> _Data shown_
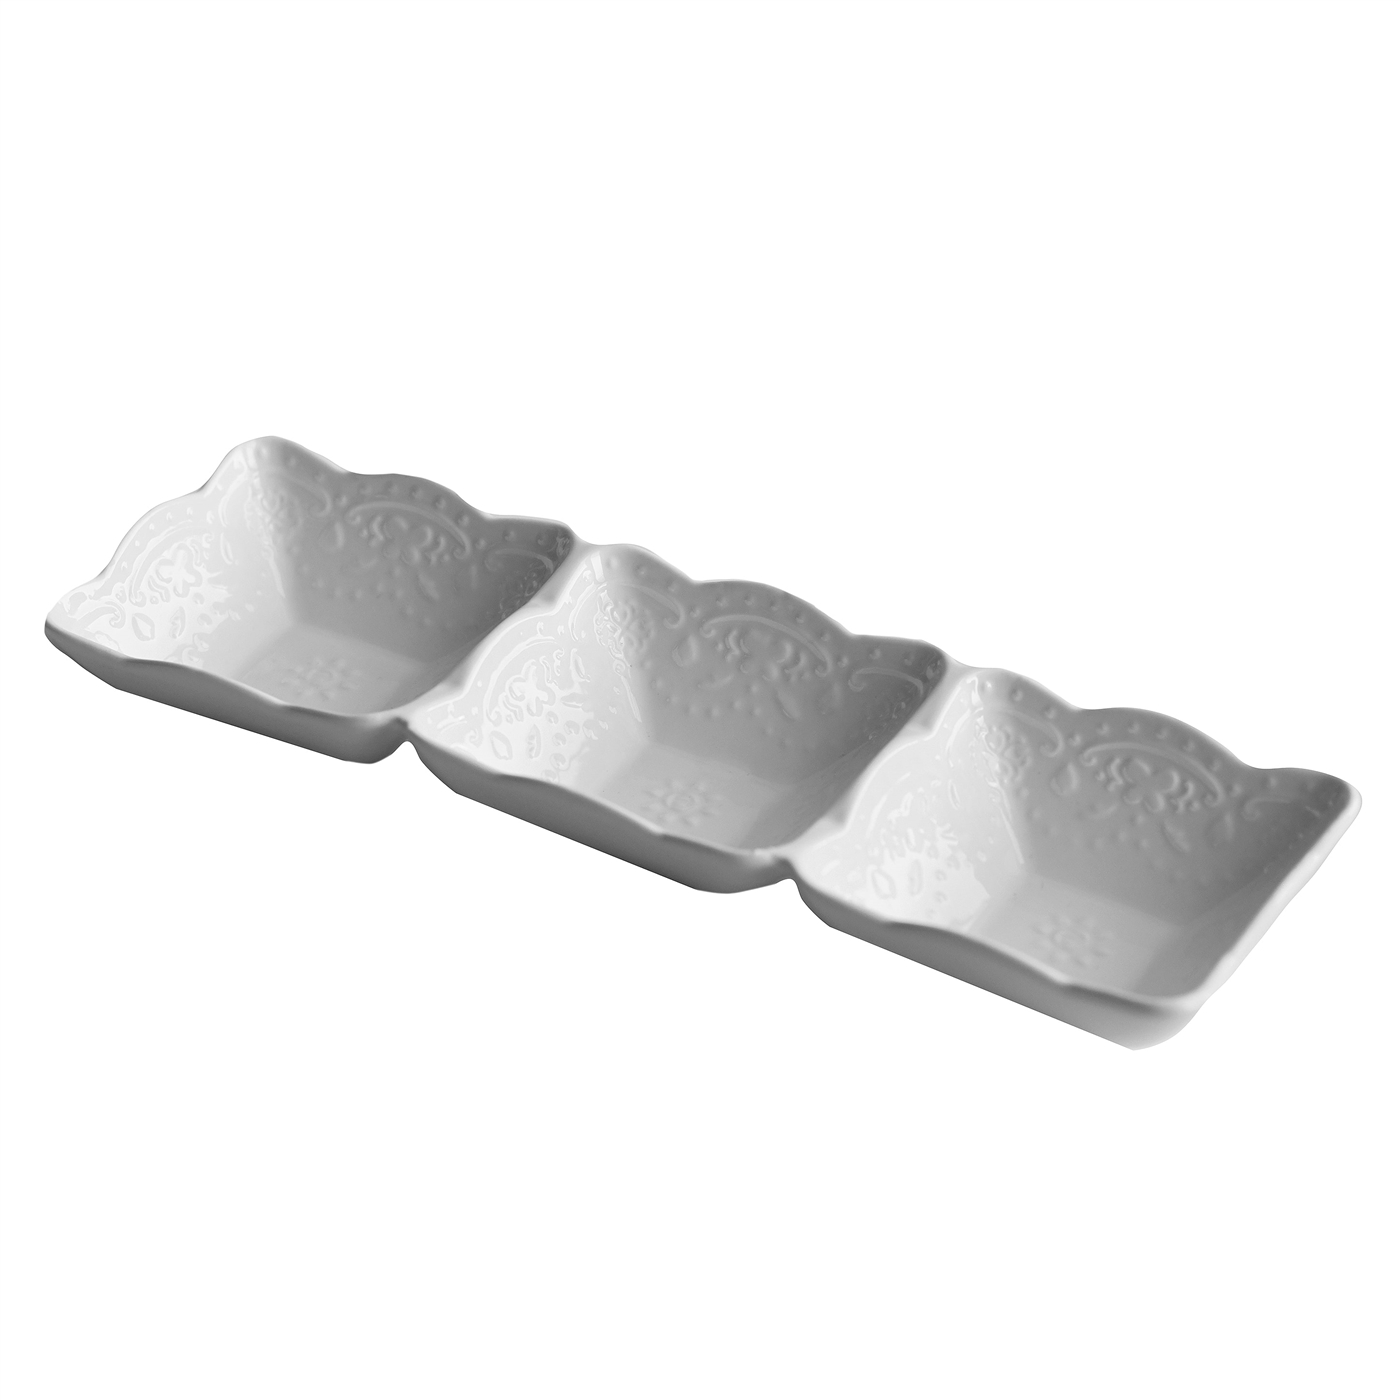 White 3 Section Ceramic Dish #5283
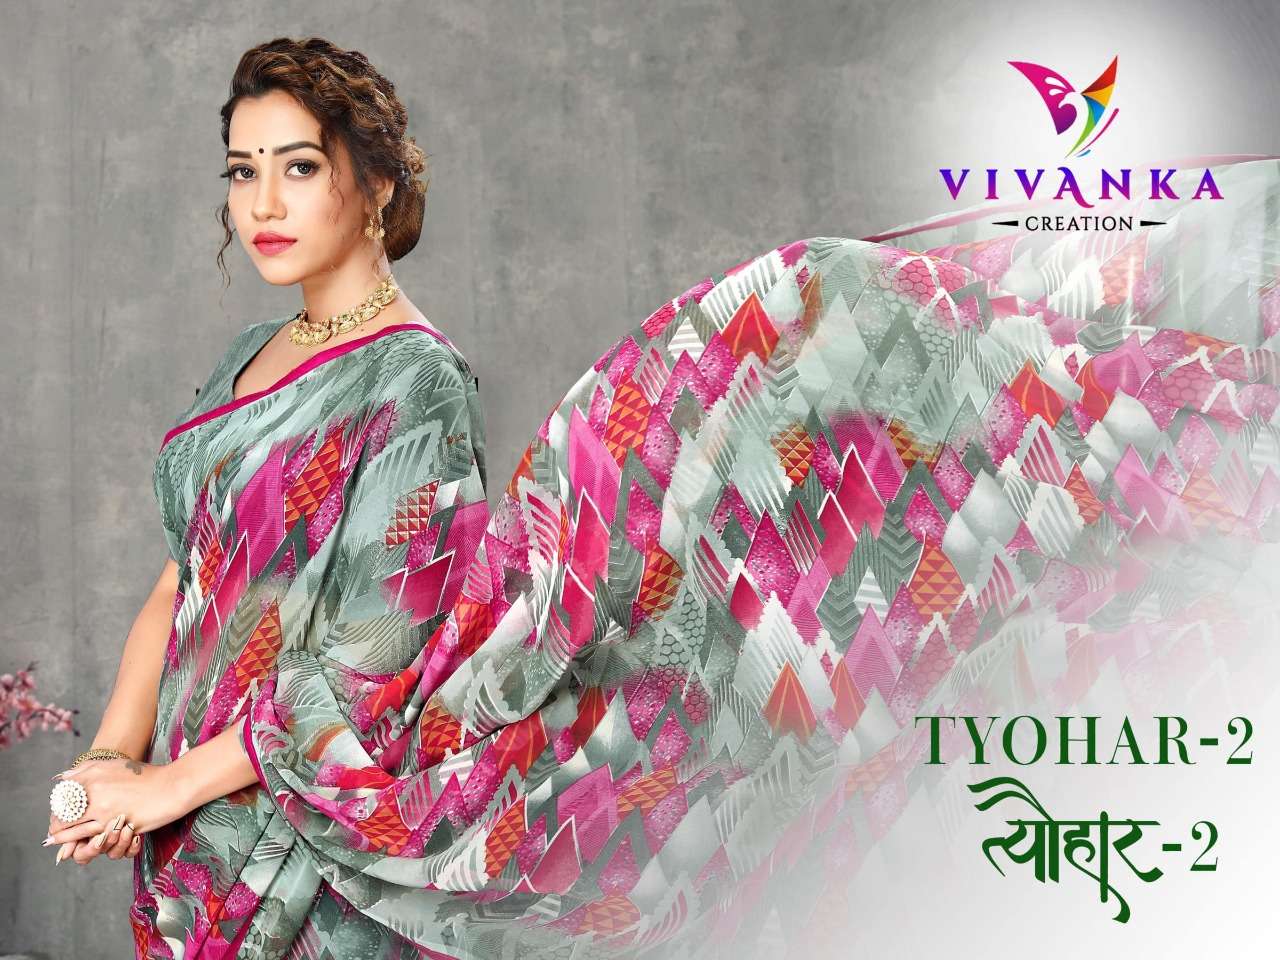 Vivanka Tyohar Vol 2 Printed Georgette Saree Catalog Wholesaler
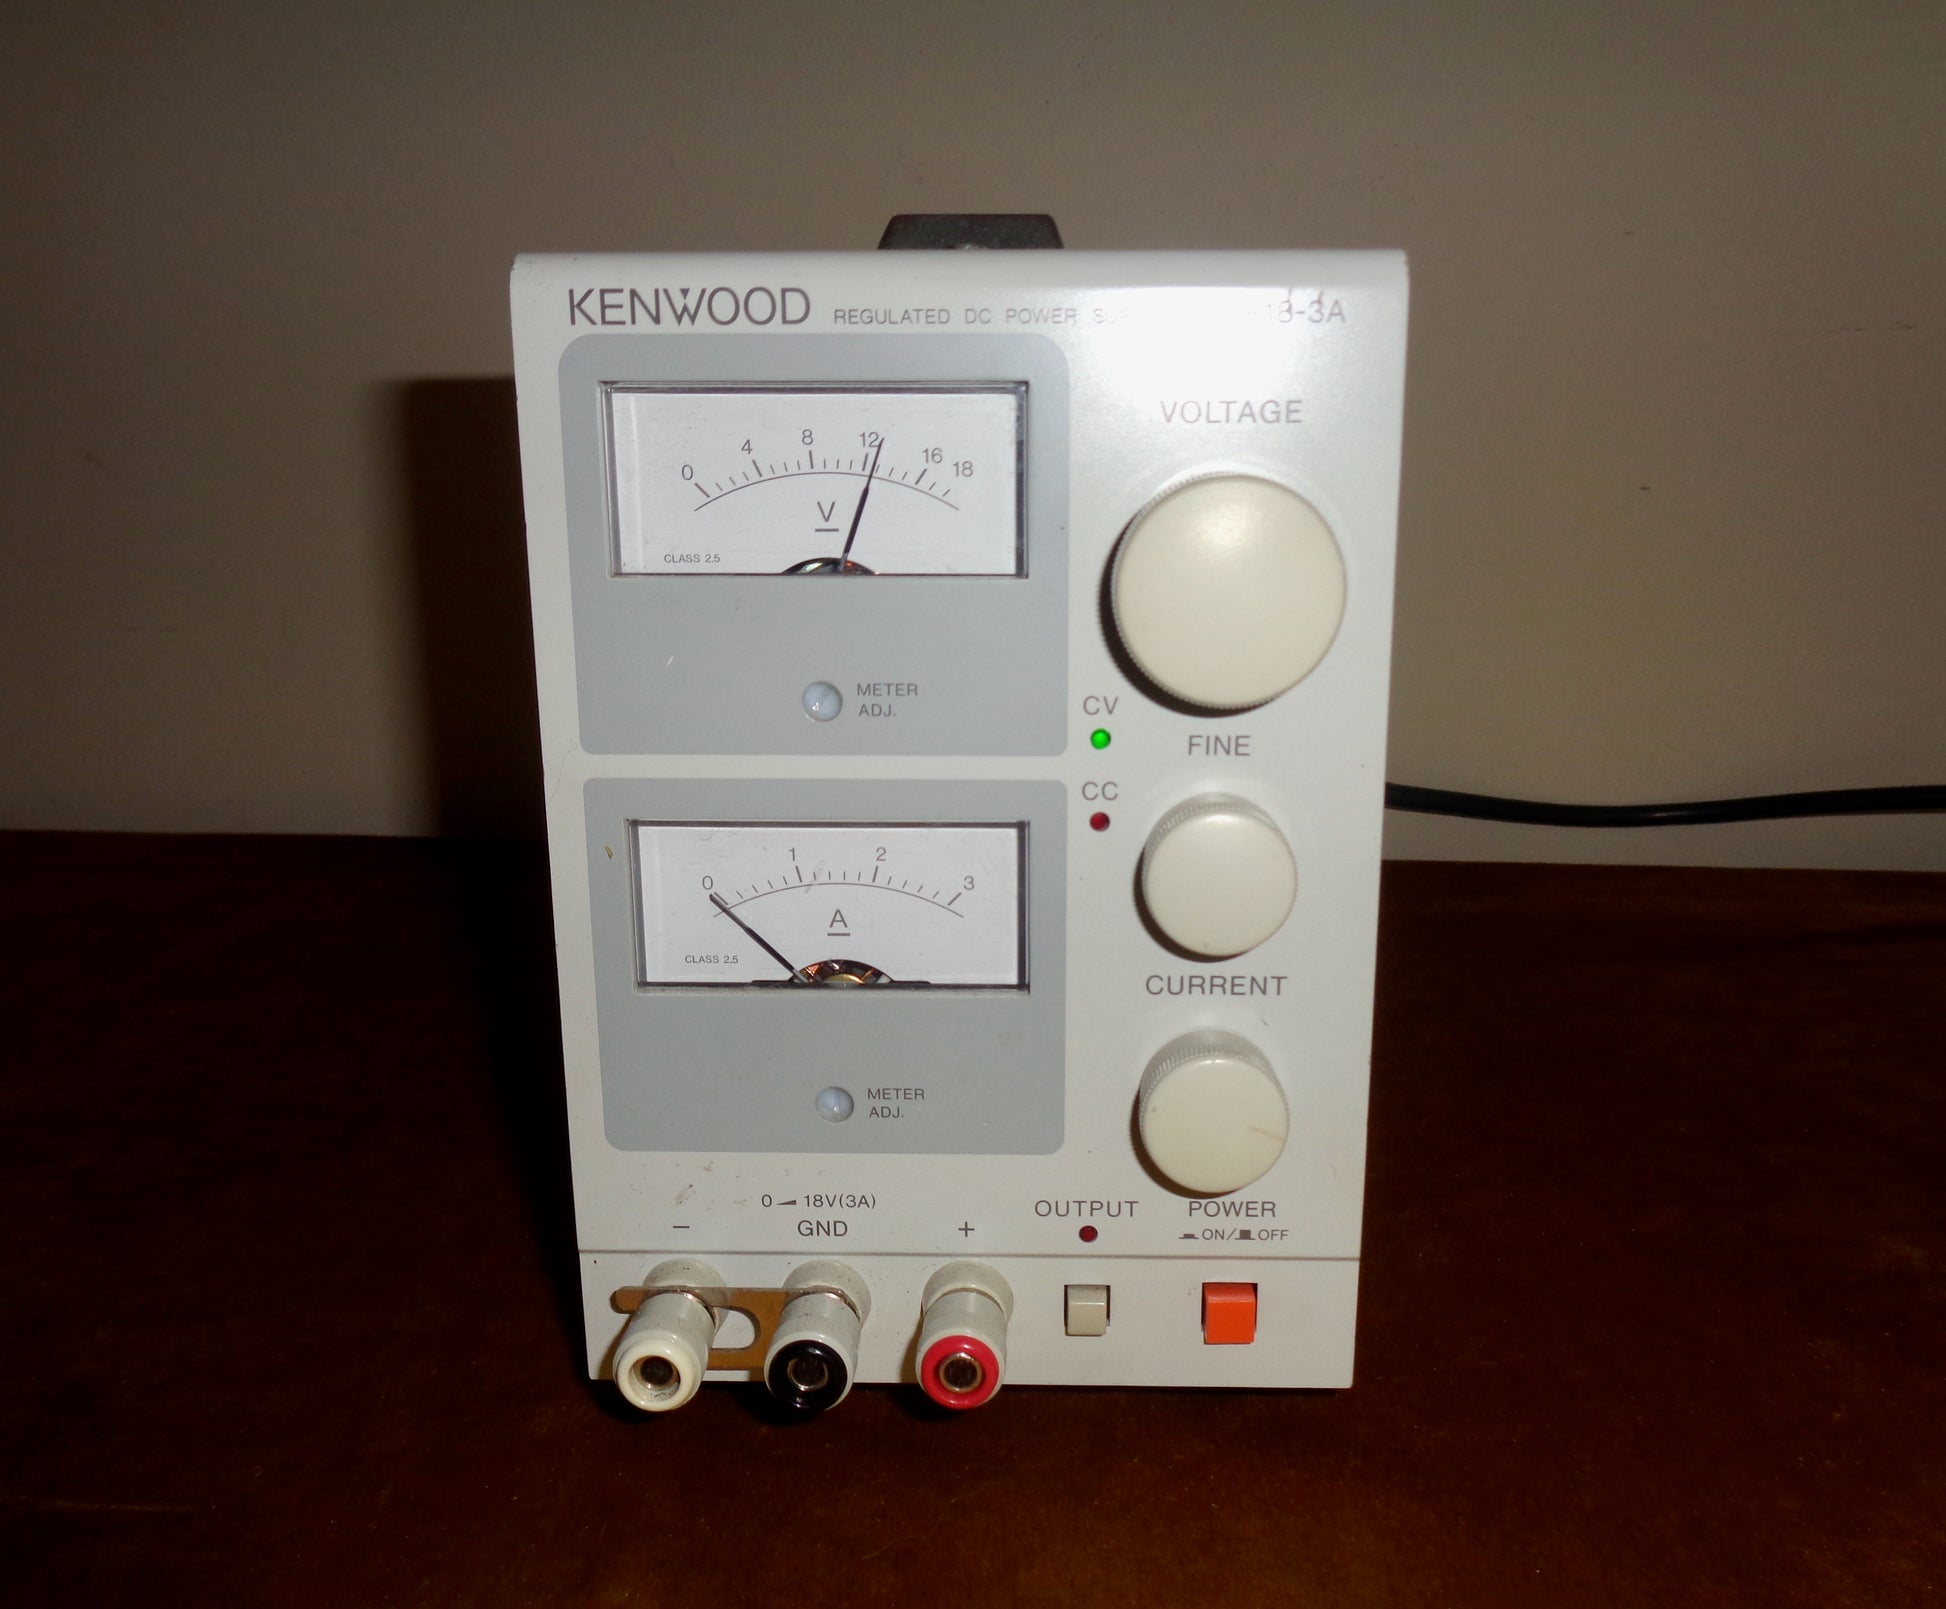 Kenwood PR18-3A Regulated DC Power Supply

> _Task goal_
Print exactly, and only, the lines from the one with "Vivanka Tyohar Vol" through the last line of the listing above. No pictures belong in the copy.

> _Written response_
 Vivanka Tyohar Vol 2 Printed Georgette Saree Catalog Wholesaler
 Kenwood PR18-3A Regulated DC Power Supply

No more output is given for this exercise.